Explainability and Continual Learning meet Federated Learning at the Network Edge

TL;DR

The paper addresses the challenge of making Federated Learning at the network edge both interpretable and adaptable in the presence of non-i.i.d. data and limited resources. It proposes a multi-objective optimization framework that balances predictive accuracy with explainability via surrogate models, and extends this to FL across multiple clients. It also surveys decision-tree-based approaches for distributed explainability and develops continual learning with replay buffers for edge streams, including federated and distributed CL architectures. Together, these contributions offer a privacy-preserving, adaptive, and trustworthy roadmap for deploying explainable and lifelong learning at the edge, with potential extensions to wireless network conditions and service-level constraints.

Abstract

As edge devices become more capable and pervasive in wireless networks, there is growing interest in leveraging their collective compute power for distributed learning.
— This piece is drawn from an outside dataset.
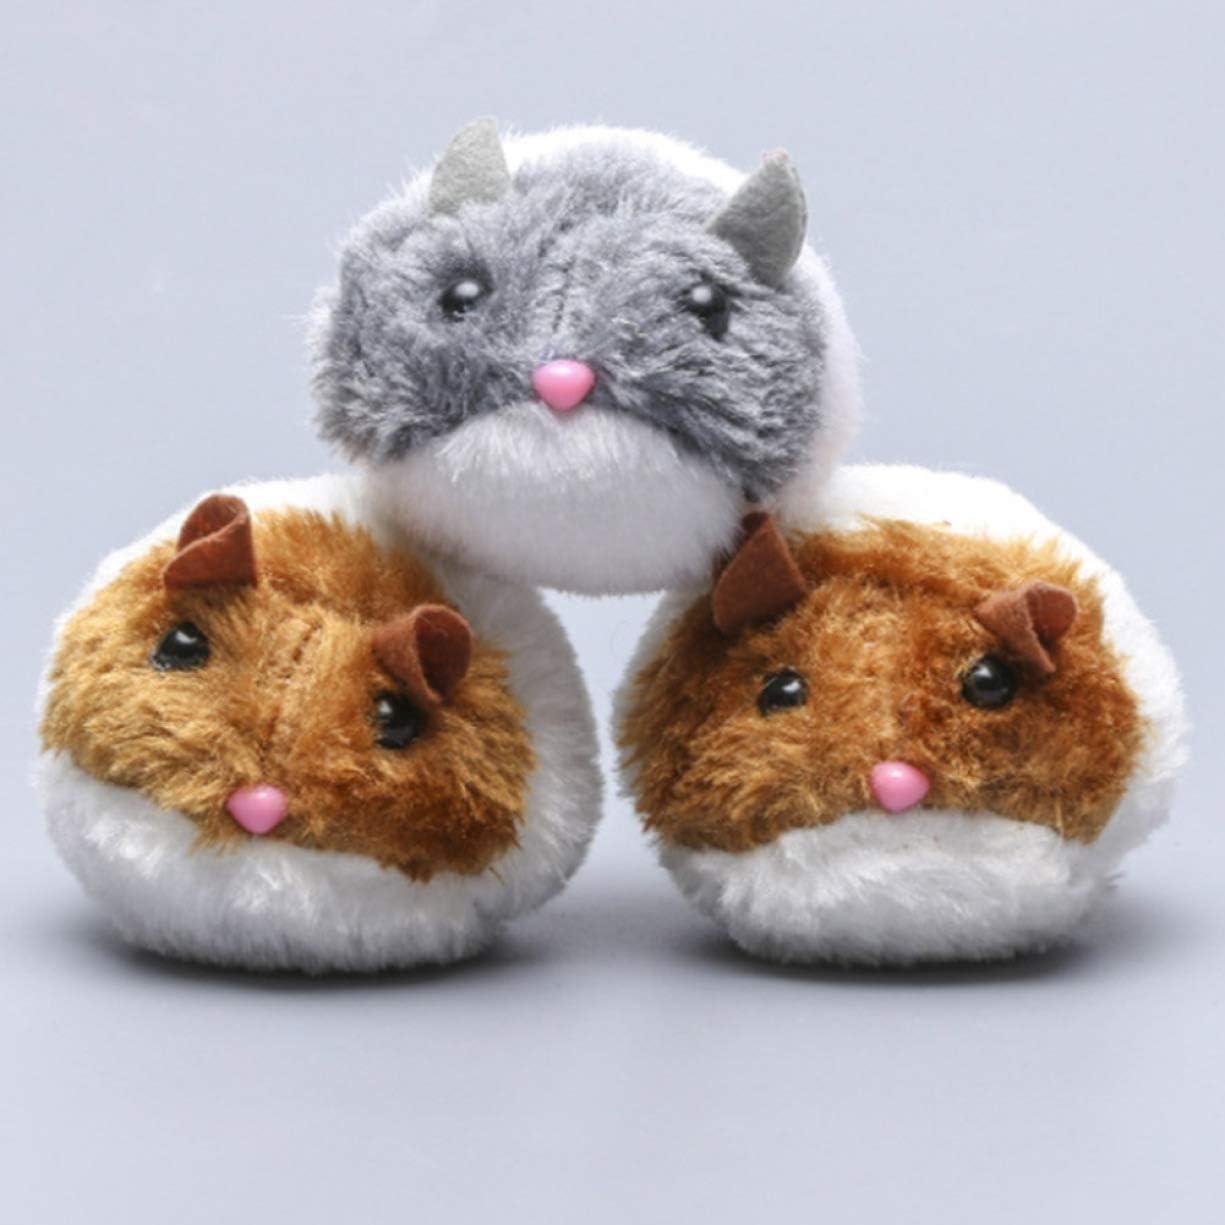 Gecheng Mascotas Bonitas,Ratones gordos,Ratones,Gatos,Pelucas,Juguetes de Voz,Ratones eléctricos.(None A): Amazon.es: Juguetes y juegos

However, optimizing learning at the network edge entails unique challenges, particularly when moving beyond conventional settings and objectives. While Federated Learning (FL) has emerged as a key paradigm for distributed model training, critical challenges persist. First, existing approaches often overlook the trade-off between predictive accuracy and interpretability. Second, they struggle to integrate inherently explainable models such as decision trees because their non-differentiable structure makes them not amenable to backpropagation-based training algorithms. Lastly, they lack meaningful mechanisms for continual Machine Learning (ML) model adaptation through Continual Learning (CL) in resource-limited environments. In this paper, we pave the way for a set of novel optimization problems that emerge in distributed learning at the network edge with wirelessly interconnected edge devices, and we identify key challenges and future directions. Specifically, we discuss how Multi-objective optimization (MOO) can be used to address the trade-off between predictive accuracy and explainability when using complex predictive models. Next, we discuss the implications of integrating inherently explainable tree-based models into distributed learning settings. Finally, we investigate how CL strategies can be effectively combined with FL to support adaptive, lifelong learning when limited-size buffers are used to store past data for retraining. Our approach offers a cohesive set of tools for designing privacy-preserving, adaptive, and trustworthy ML solutions tailored to the demands of edge computing and intelligent services.

Paper Structure

This paper contains 23 sections, 14 equations, 2 figures.

Figures (2)

  • Figure 1: A Federated Learning (FL) setting, where explainability is attained either with a surrogate model explaining a black-box predictive model e.g. a linear regression model (upper part, (a) of the three small figures), or with a self-explainable decision tree (bottom part, (b) of the three small figures).
  • Figure 2: A Federated Continual Learning (FCL) framework wherein each client has its own buffer, and new data arrive in streams. The local models evolve by continuously adapting to new local data and feedback from the aggregator.